The Kimochi Warui Diary
The long train ride to Osaka was full of mountain and dark green forests. At each stop, I tried to imagine the rural life of the residents from the limited view of the train window.
Every stop brought floods of students and working adults. This part of the commute was just a daily routine for them—they paid us no mind.
Adults sat patiently in their seats, reading a book or checking their phones. The children were prone to standing in their seats and chatting a bit more loudly.
Regardless, it was all done within their personal space. Jotaro and I were invisible to them.
I realized my phone was on the verge of dying. My phone battery was draining more quickly after I’d gotten the SIM card. It was likely the phone wouldn’t make it—I wrote down our next train stops in a blank page of my journal.
It seemed useless to conserve battery at this point, so I studied Japanese flash cards on my phone, trying to get myself to memorize more kanji.
It was said that one of the best ways to learn Japanese words was through repeatedly seeing them within the context of a sentence. The image it always gave me was of this cumulative effect, where all the hours spent learning would sort of flood into the very bottom of your language-learning consciousness. It wouldn’t be overnight, of course, but—one day—you’d suddenly realize you were understanding much more Japanese than you could before. The process would be so gradual that you’d barely even realize it had happened.
When my phone finally did die, I resigned myself to watching the scenery pass us by outside the window. During the more mountainous parts of the track, the train would slow down, allowing us a better look at the passing landscapes.
Then, when it got too dark to look out the window, I watched the people.
I’ve never felt bad about watching people. Maybe it’s a selfish point of view, but I’ve always thought of myself as invisible in some way. I never saw the harm in watching people—never thought of how it might make them feel uncomfortable—found it was even easier to do here.
For all the selfish watching I partook in, I rarely received any glance in retaliation—as if looking back was a low they would never stoop to.

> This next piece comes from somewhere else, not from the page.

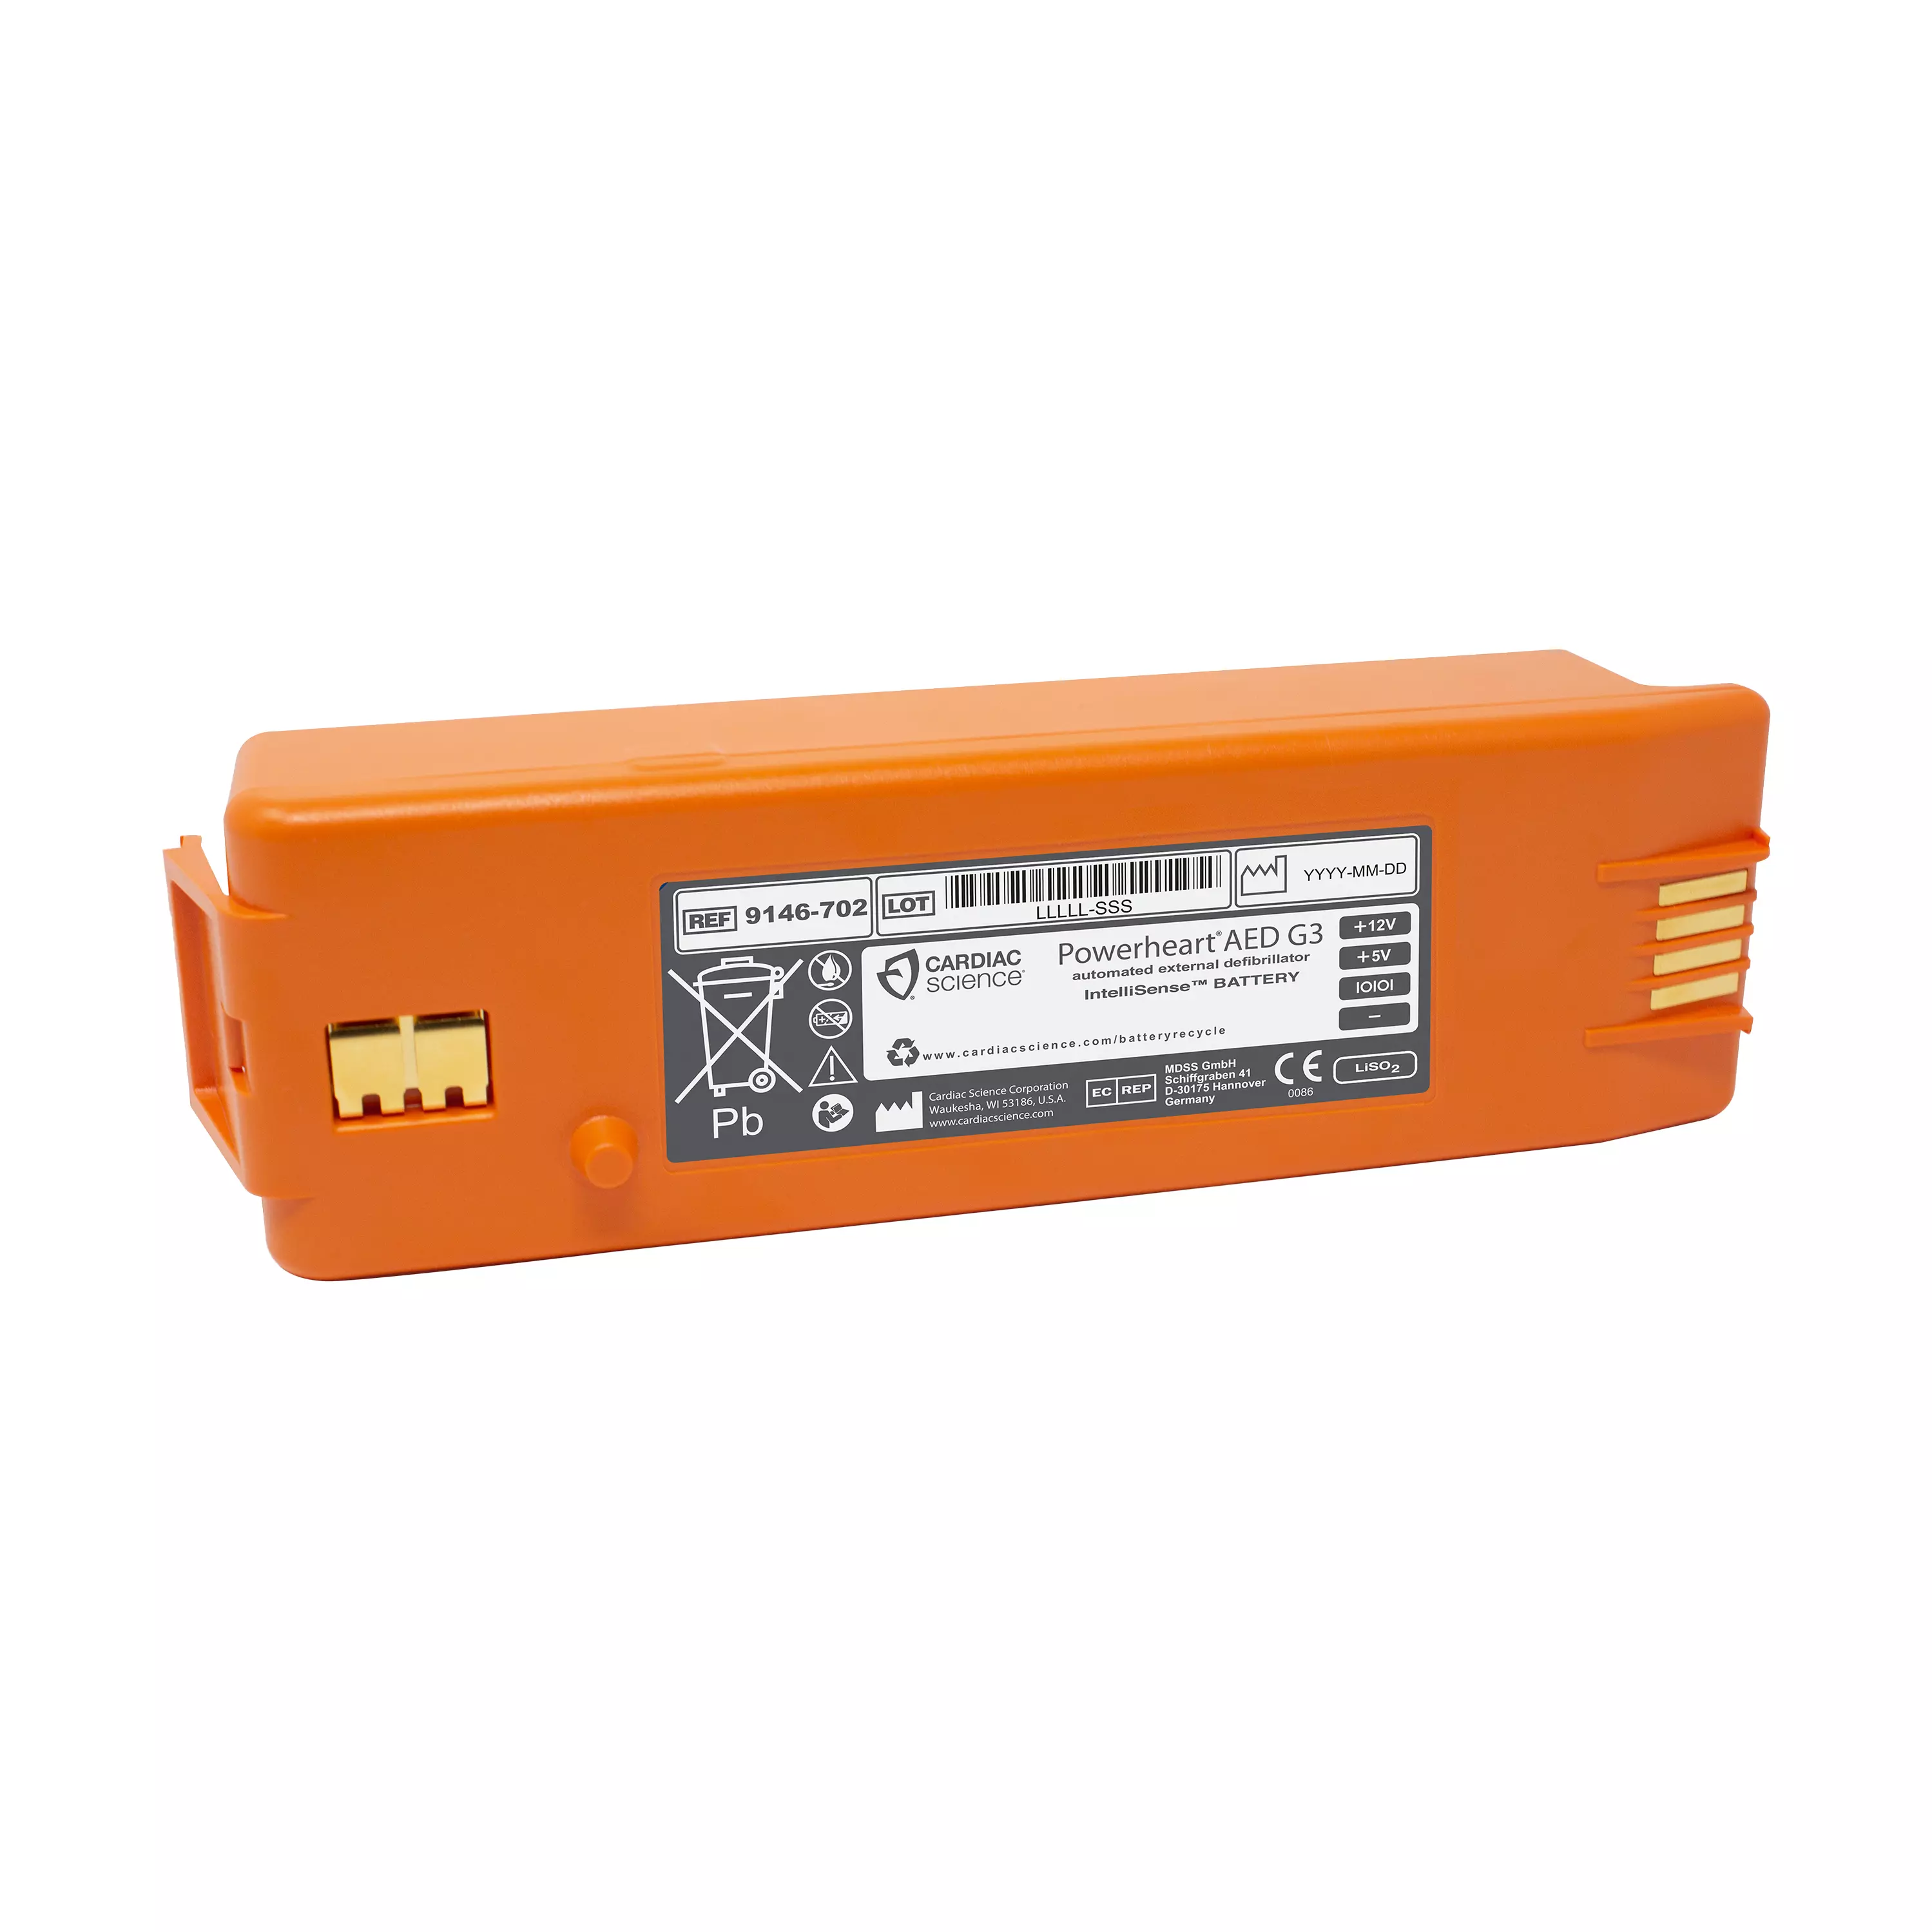 Lithium Batterie für AED Cardiac Science/ZOLL PowerHeart AED G3

Even in the more English-friendly parts of Japan, the citizens here seemed to fulfill and validate my feelings that I was invisible. Or rather, that I was in a first-person video game, and all the people around me were just NPCs that wouldn’t react unless I were to do something that their programming could respond to.
Somehow, this feeling had felt familiar. It felt comfortable at the moment, but ultimately, it was too hollow—a feeling I wouldn’t be able to handle for an extended period of days or weeks.
My mental ramblings came to a halt at Nagatsuka.
The train had stopped. The digital marquee displaying the names of the train stations was now pointing back in the direction we had come.
Jotaro was already at the door. “This thing’s gonna take us backwards!”
I fumbled with my notebook, trying to find the page I’d written the train stops on. The words “Nagatsuka” were scrawled in the list. I gave Jotaro the OK, and he hopped out of the train.
I threw my backpack around my shoulder and ran to the door, but it closed just before I made it out.
I saw two buttons next to the door. I began mashing the one for 閉める, but the door wouldn’t budge. I turned now to see that everyone in the car was looking in my direction—they’d been paying attention all along.
“The last thing you want to do in Japan,” the Professor said, “Is to appear like some idiot foreigner.”
A train conductor from the back of the car came over and pushed the other button: 開ける
The doors slid open without resistance.
Of course, I knew both of those words… “Close” and “open.” How the hell did I mix them up? They were even color-coded red and green!
Once outside the train, I caught up to Jotaro. The train gradually pulled away and back in the direction it had come from.
In its place, a new scene unfolded before us:
The dark, jagged outline of a forest surrounding us on all sides.
A lake, only visible due to the shimmering reflection of a half moon.
The pitch-black cut-out of a cabin—some unknown distance behind the lake—with a single illuminated window.
The only other lights in the area were from the very train platform we stood on.